Hungary's Prime Minister Ferenc Gyurcsany, following a 3-day visit to Azerbaijan and Turkmenistan, plans to organize a summit meeting in Budapest later this year to boost support for the Nabucco pipeline project.

Eric Watkins
Senior Correspondent

LOS ANGELES, July 14 -- Hungary's Prime Minister Ferenc Gyurcsany, following a 3-day visit to Azerbaijan and Turkmenistan, plans to organize a summit meeting in Budapest later this year to boost support for the Nabucco pipeline project.

Government spokesman David Daroczi said the Hungarian prime minister initiated a summit meeting with the participation of all players in the Nabucco project: its shareholders, transit countries, and supply countries.

The consortium planning the 3,300-km pipeline is comprised of Turkey's state-owned Botas, Hungarian oil and gas company MOL Nyrt, Bulgaria's Bulgargaz, Romania's Transgaz, Germany's RWE AG, and Austria's OMV AG, each holding a 15% stake.

"We sense that Nabucco could be developing much faster," Daroczi said following Gyurcsany's visit to the Caspian nations earlier this week.

Construction of the line, which will extend from the Caspian Sea to Austria via Turkey and the Balkan states, is scheduled to begin in 2009 and complete in 2013. It will carry some 31 billion cu m of gas/year to the European Union from the Middle East and Central Asia.

The EU, and Hungary in particular, sees the Nabucco project as a means to reduce its energy dependence on Russia, and it wants to secure supply commitments from Turkmenistan and Azerbaijan.

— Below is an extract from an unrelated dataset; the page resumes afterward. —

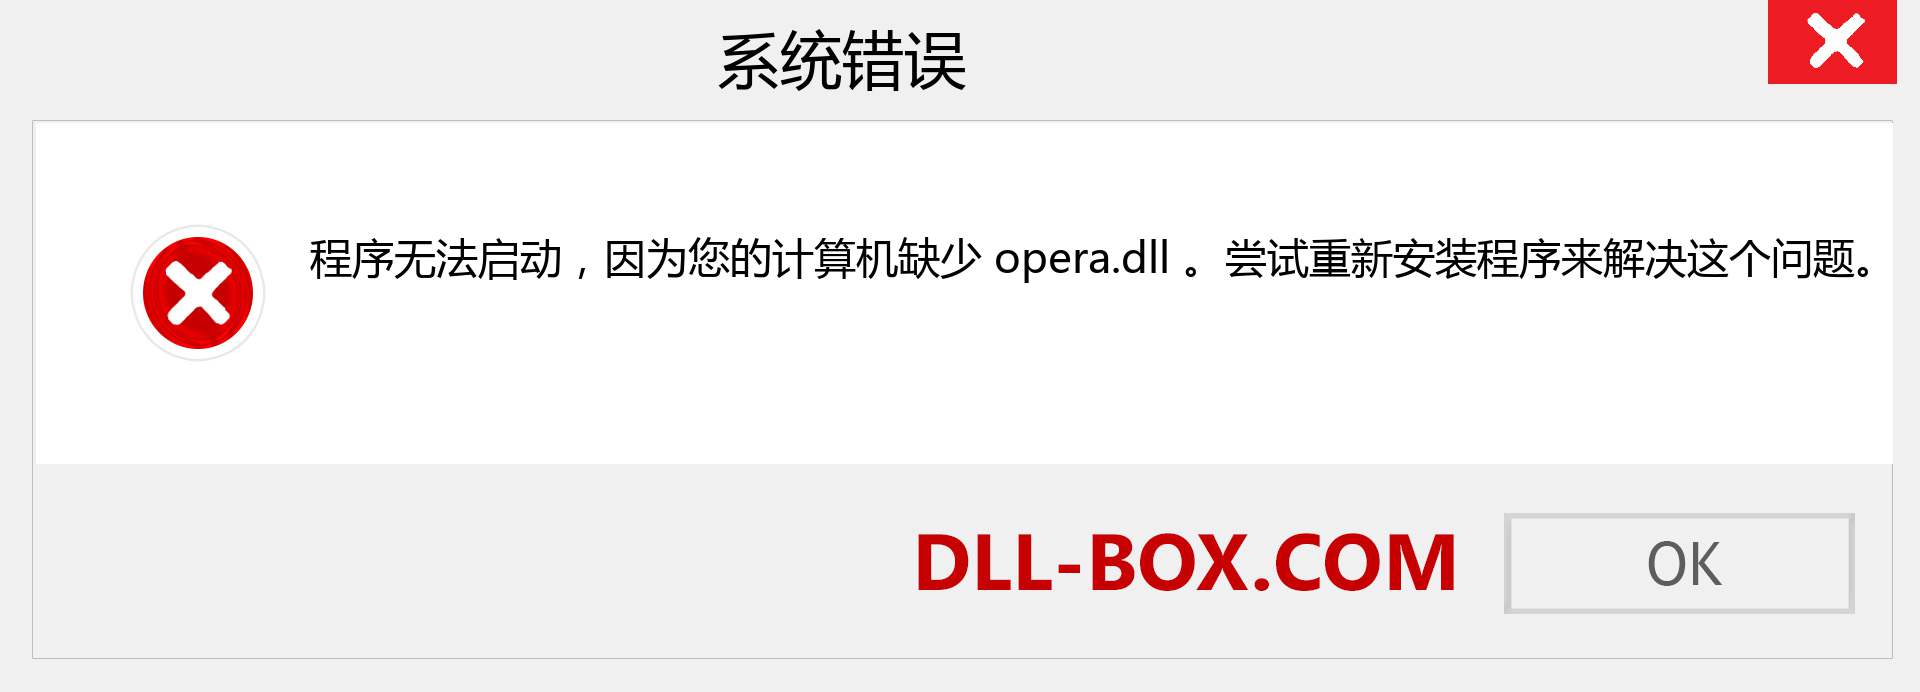 opera.dll 文件丢失？。 适用于 Windows 7、8、10 的下载 - 修复 Windows、照片、图像上的 opera dll 丢失错误

However, Hungary has expressed concern that the project could be undermined by recent negotiations over gas prices between Russia and the two Caspian nations.

Russian President Dmitry Medvedev attempted to further those negotiations on July 3-4 during his own visit to the Caspian region, aiming in particular to secure the 25-year gas supply deal signed in 2003 by the former leaders of both countries.

While Turkmenistan assured Russia of its commitment to the agreement, the two sides did not agree on the most crucial question, the price for which Russian Gazprom will buy Turkmen gas.

According to Gazprom CEO Alexei Miller, who said price negotiations would start this week, the Russian firm is ready to pay Turkmenistan European rates for the gas, starting in 2009.